Personal information
- Born: August 4, 1973 (age 53) Casa Grande, Arizona, U.S.
- Listed height: 6 ft 1 in (1.85 m)
- Listed weight: 206 lb (93 kg)

Career information
- High school: Santa Cruz Valley Union (Eloy, Arizona)
- College: Arizona State (1991–1994)
- NFL draft: 1995: undrafted

Career history
- New England Patriots (1995); Kansas City Chiefs (1997)*; Scottish Claymores (1998); Pittsburgh Steelers (1998)*;
- * Offseason or practice squad member only
- Stats at Pro Football Reference

= Eddie Cade =

American football player (born 1973)

Eddie Ray Cade (born August 4, 1973) is an American former professional football player who was a safety for one season with the New England Patriots of the National Football League (NFL). He played college football for the Arizona State Sun Devils. He also played for the Scottish Claymores of NFL Europe.

==Early life==
Eddie Ray Cade was born on August 4, 1973, in Casa Grande, Arizona. He attended Santa Cruz Valley Union High School in Eloy, Arizona and lettered in football, basketball and track. He garnered all-conference and all-state recognition in football as a running back and defensive back, helping Santa Cruz Valley achieve a 13–0 record and win a state title. He had a career-high 246 rushing yards in a game his senior year. Cade was also named all-conference in track and basketball.

==College career==
Cade was a member of the Arizona State Sun Devils from 1991 to 1994 and a three-year letterman from 1992 to 1994. He did not play in 1991. He appeared in ten games, no starts, in 1992. He started nine games at free safety in 1993, recording 57 tackles, two interceptions, four pass breakups, three forced fumbles, and two fumble recoveries.

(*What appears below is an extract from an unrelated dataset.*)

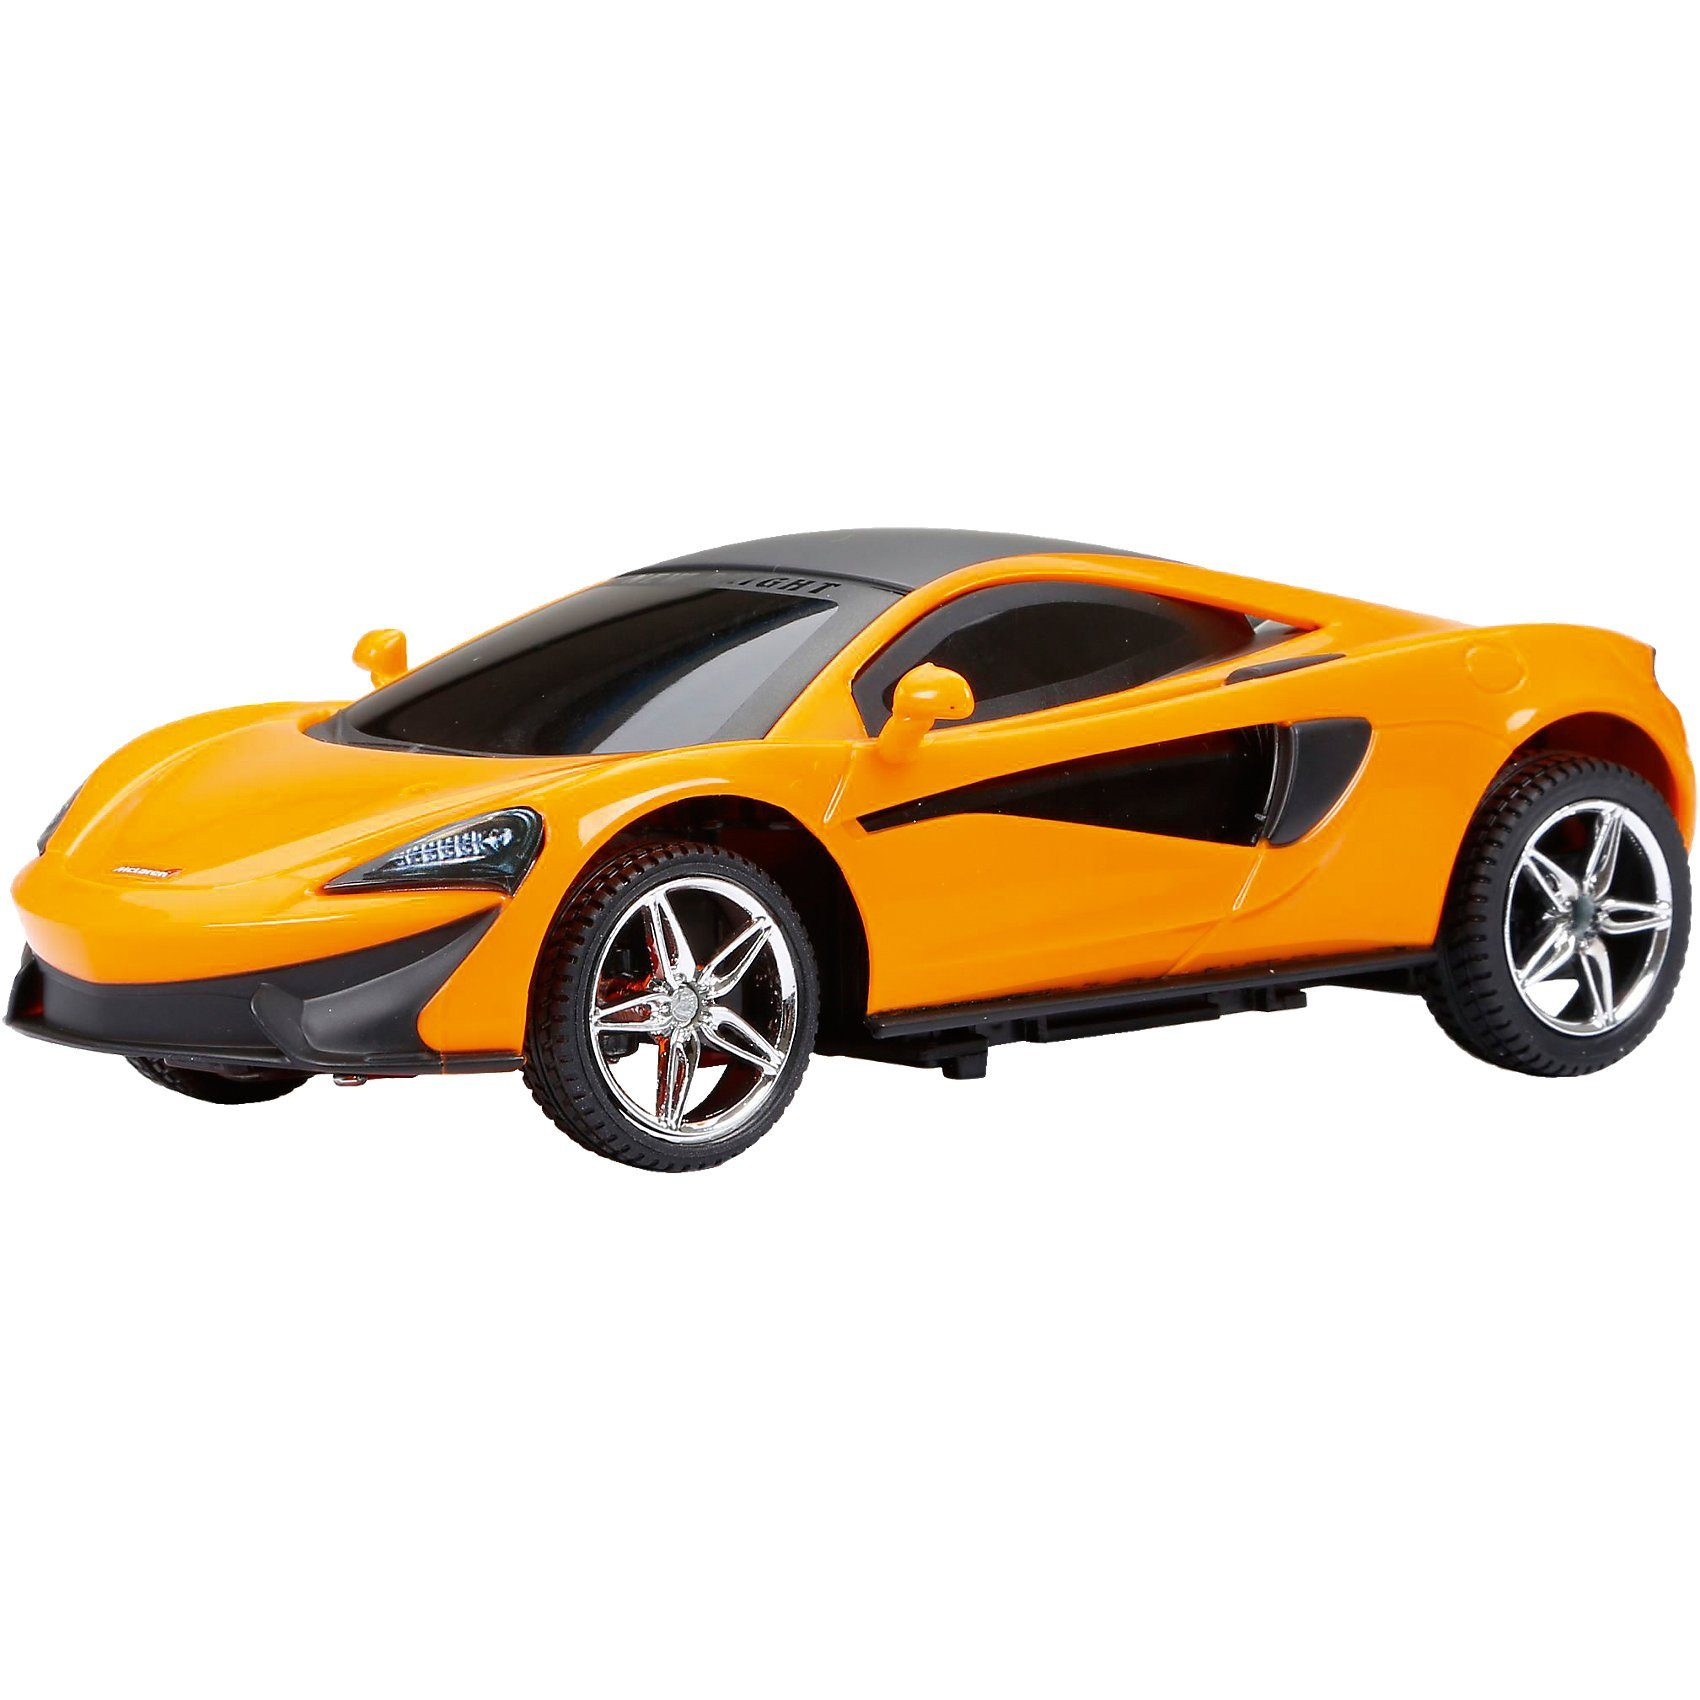 New Bright RC Fahrzeug McLaren 570S 1:24
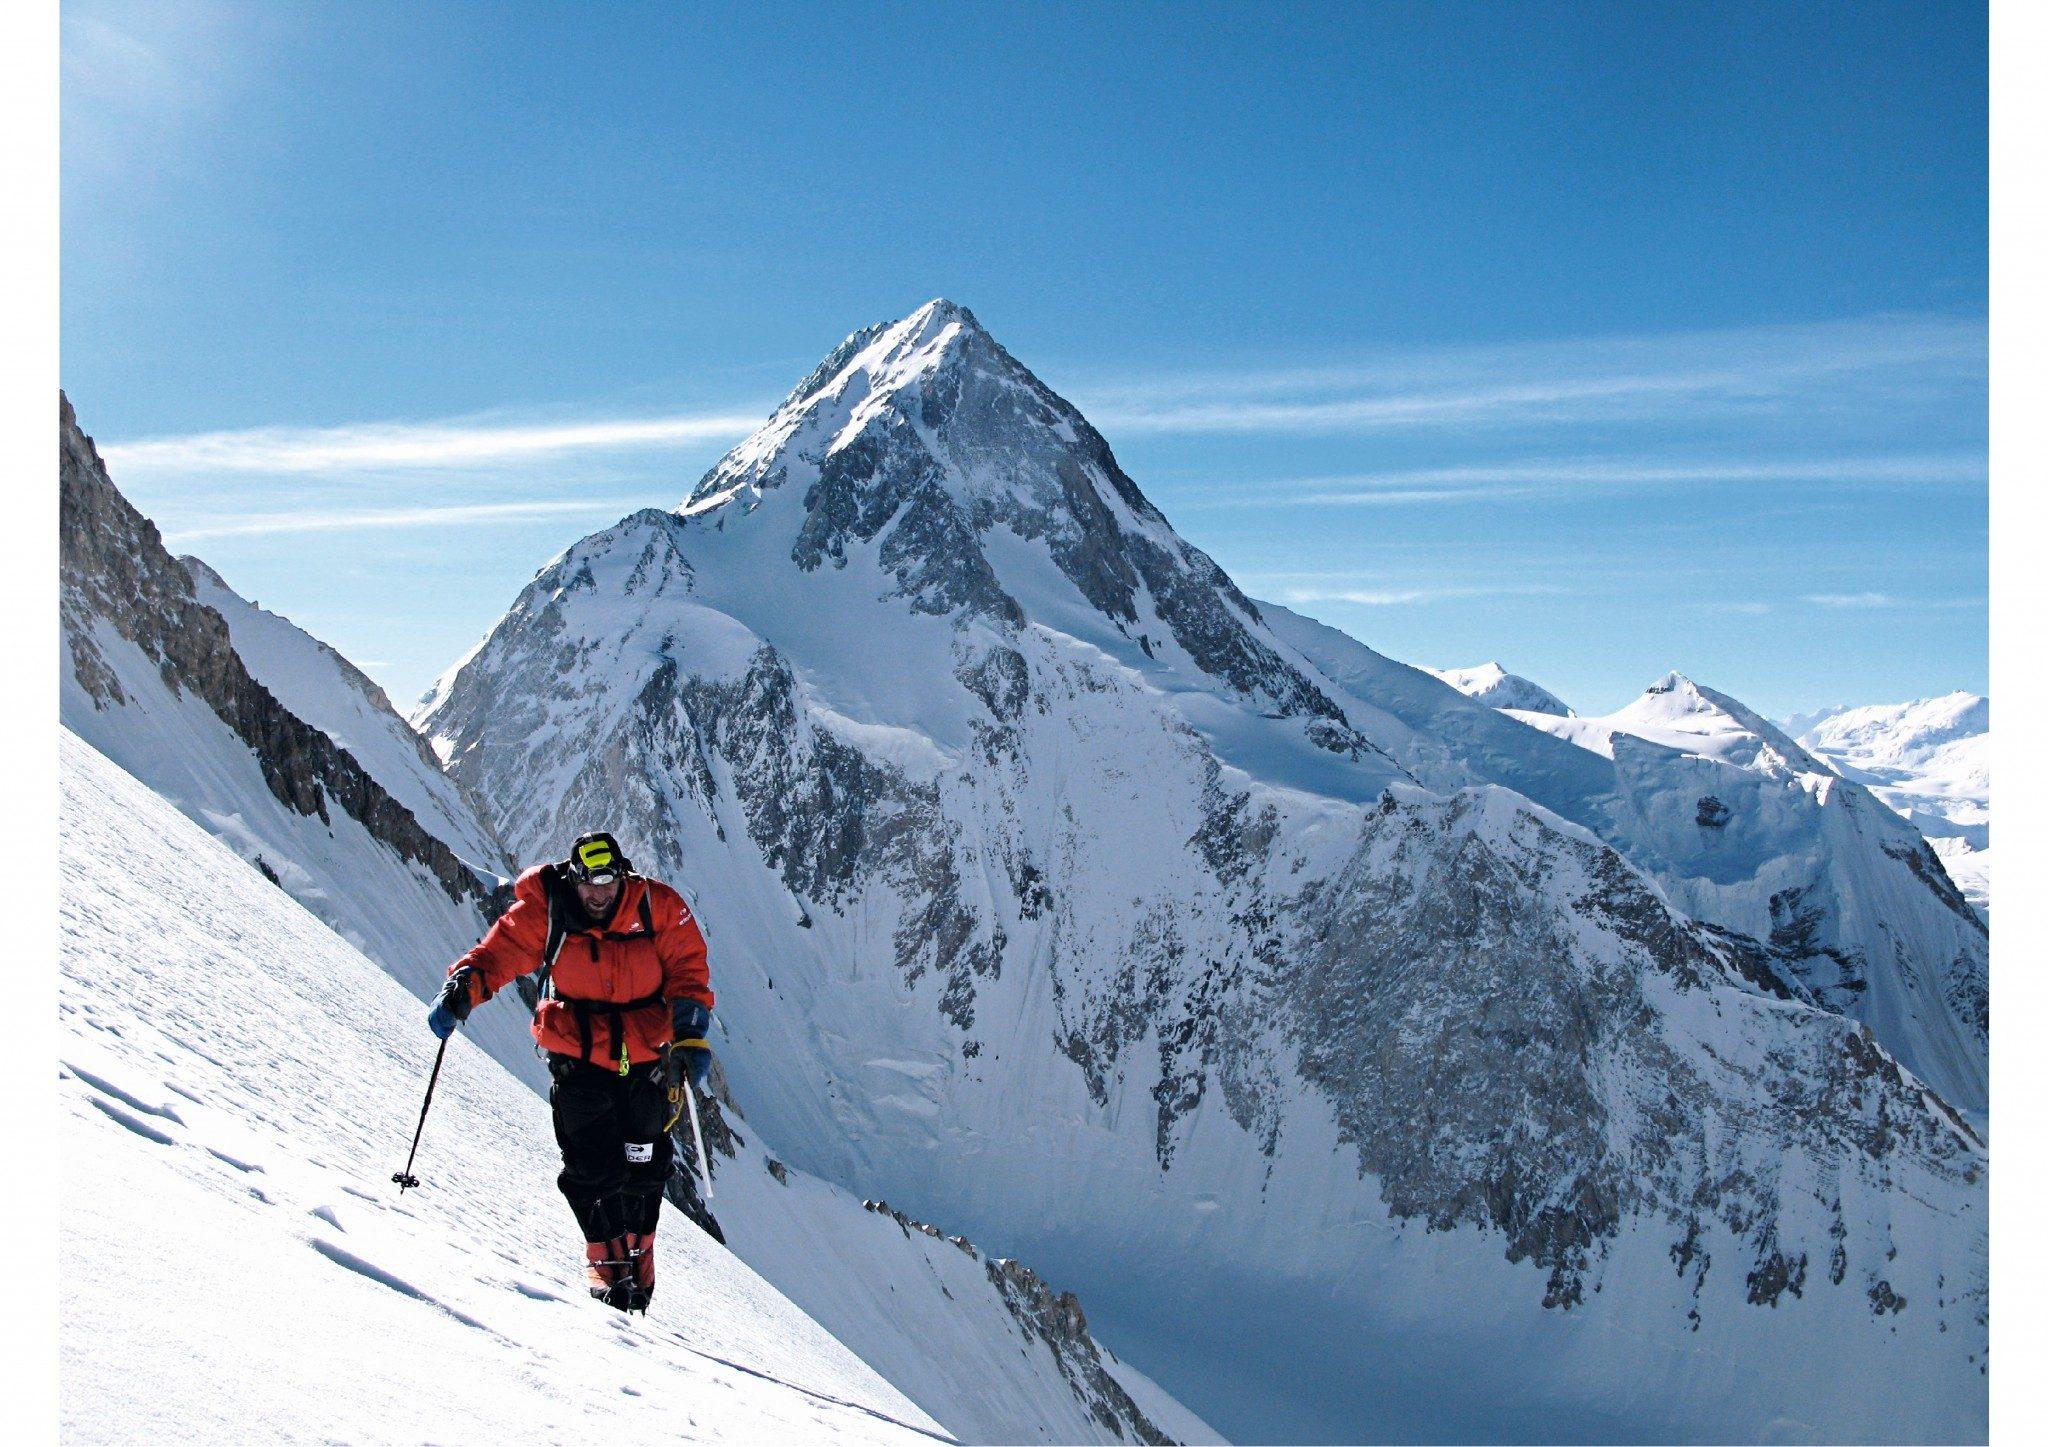 Vouloir toucher les etoiles image Himalaya Expedition

Cade started 10 games at free safety as a senior in 1994, totaling 82 tackles, one interception, and four pass breakups. He accumulated career totals of 147 tackles, three interceptions, four forced fumbles, and four fumble recoveries. He majored in family studies while at Arizona State.

==Professional career==
After going undrafted in the 1995 NFL draft, Cade signed with the New England Patriots on April 24, 1995. He played in ten games for the Patriots during his rookie year in 1995. He was released on August 14, 1996. He was listed as a safety with the Patriots.

Cade was signed by the Kansas City Chiefs on February 5, 1997. He was released on August 19, 1997.

He played for the Scottish Claymores of NFL Europe during the 1998 NFL Europe season as a free safety, recording 37 defensive tackles, one special teams tackle, one interception, and four pass breakups.

Cade signed with the Pittsburgh Steelers on July 15, 1998, but was later waived on August 24, 1998.